**REQUIRED WORK:** Print all the data below exactly, without images.

**DATA:**
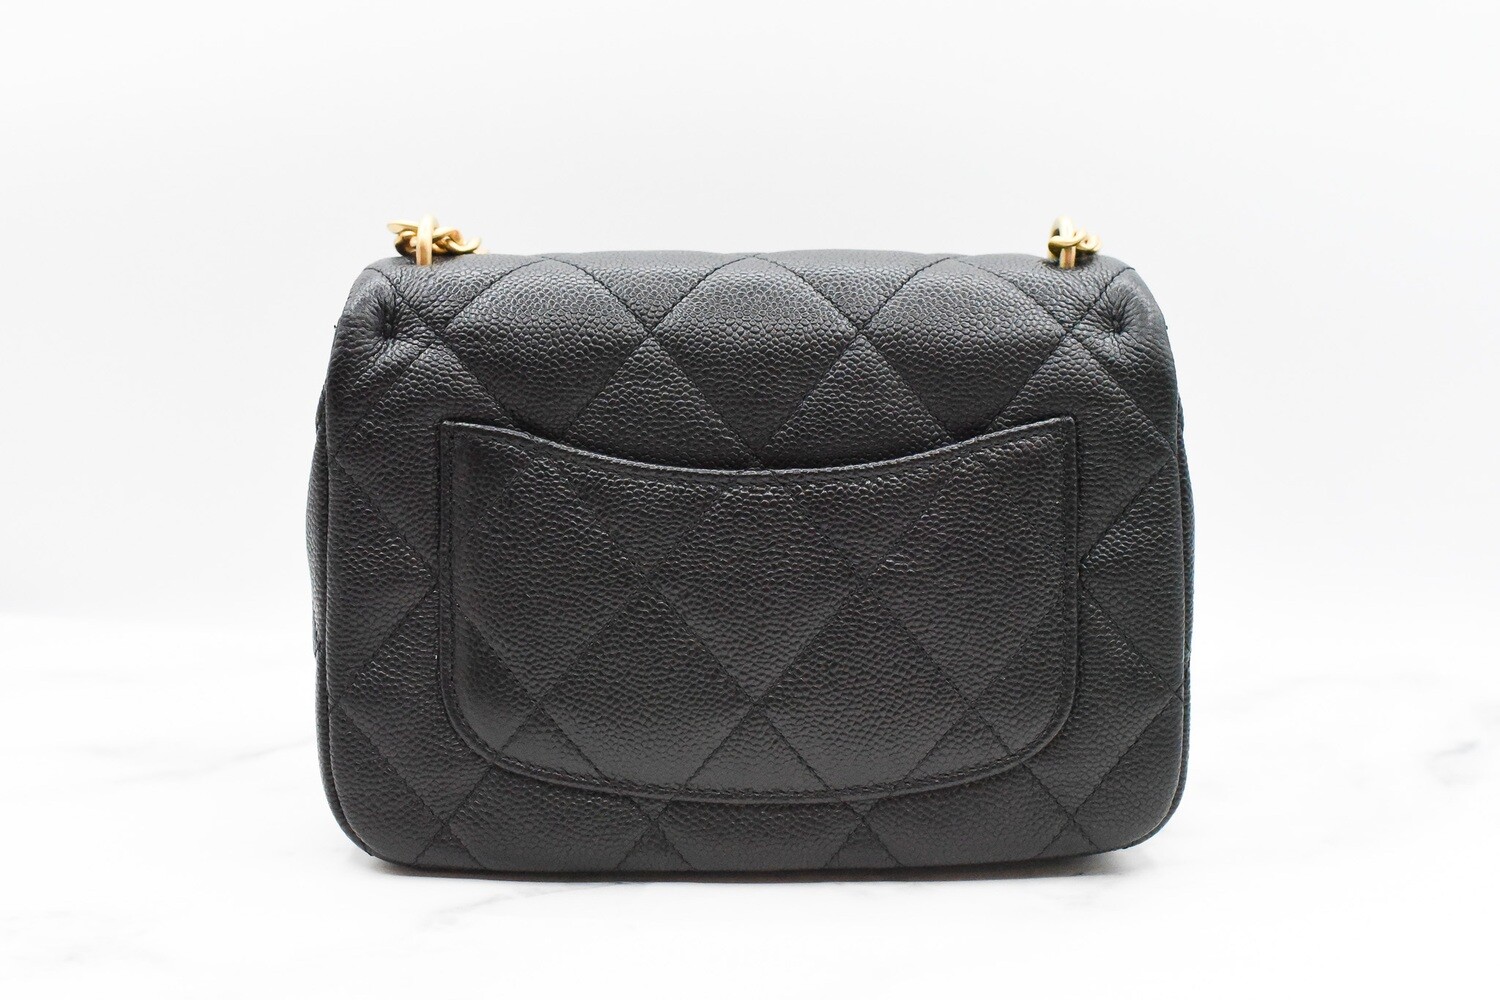 Chanel Black Quilted Caviar Top Handle Clutch With Strap
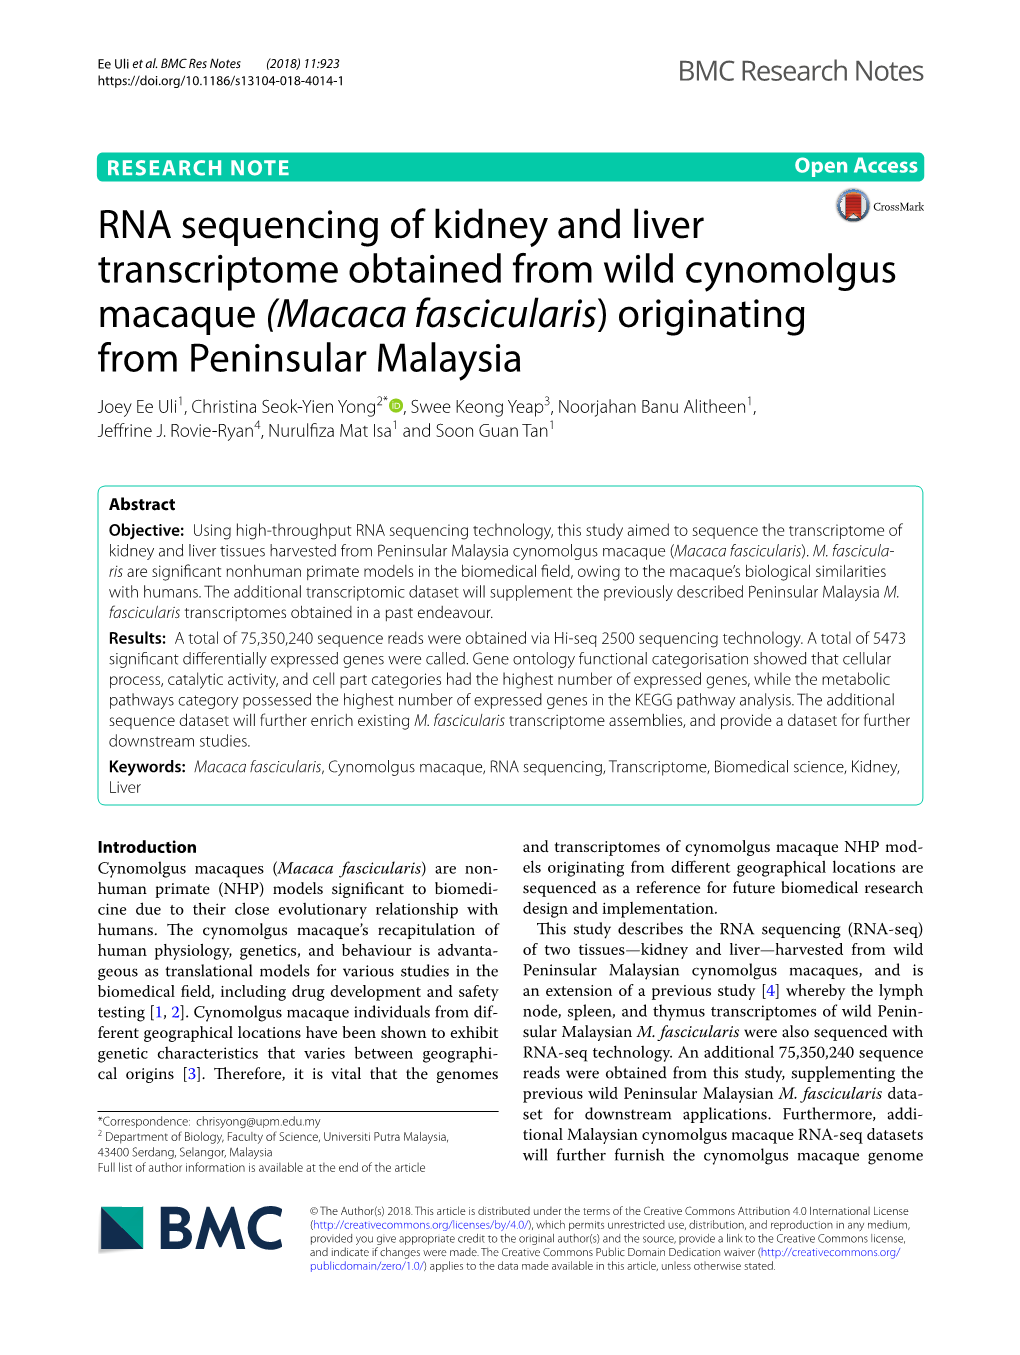 RNA Sequencing of Kidney and Liver Transcriptome Obtained from Wild
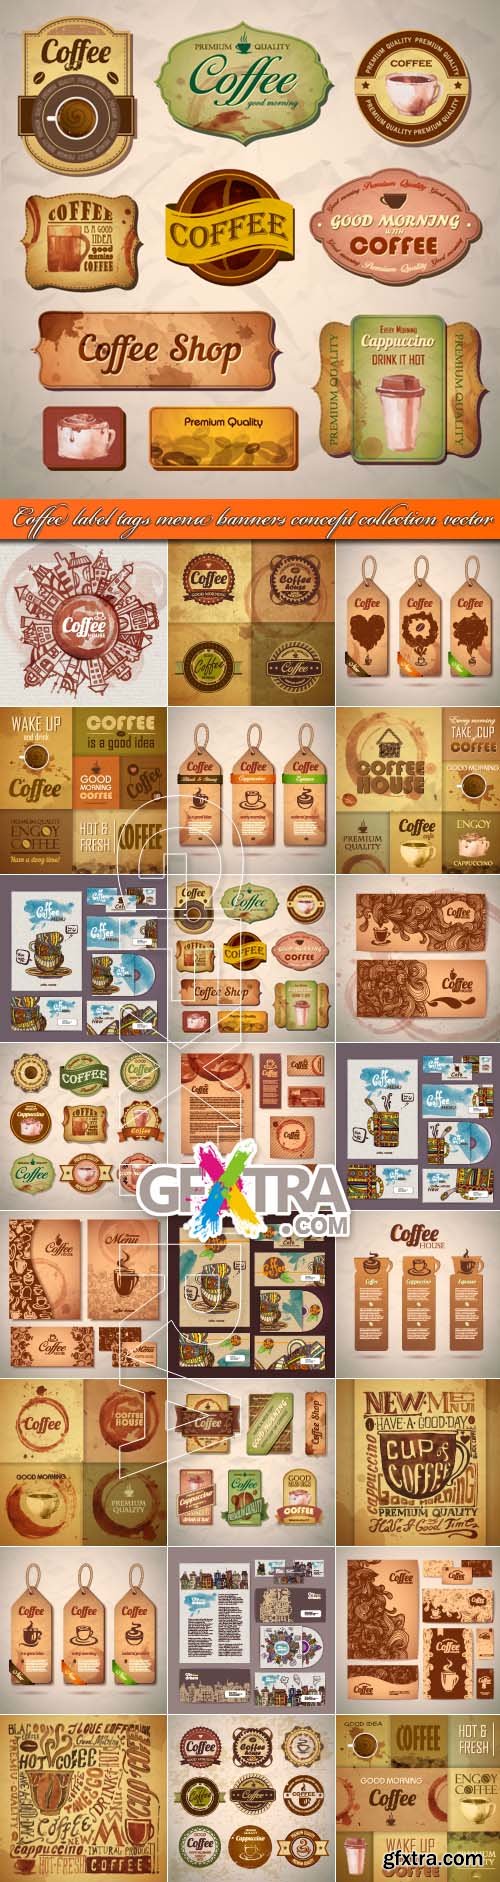 Coffee label tags menu banners concept collection vector

**REPLY:**
 Chanel Black Quilted Caviar Top Handle Clutch With Strap
 RNA Sequencing of Kidney and Liver Transcriptome Obtained from Wild
 Coffee label tags menu banners concept collection vector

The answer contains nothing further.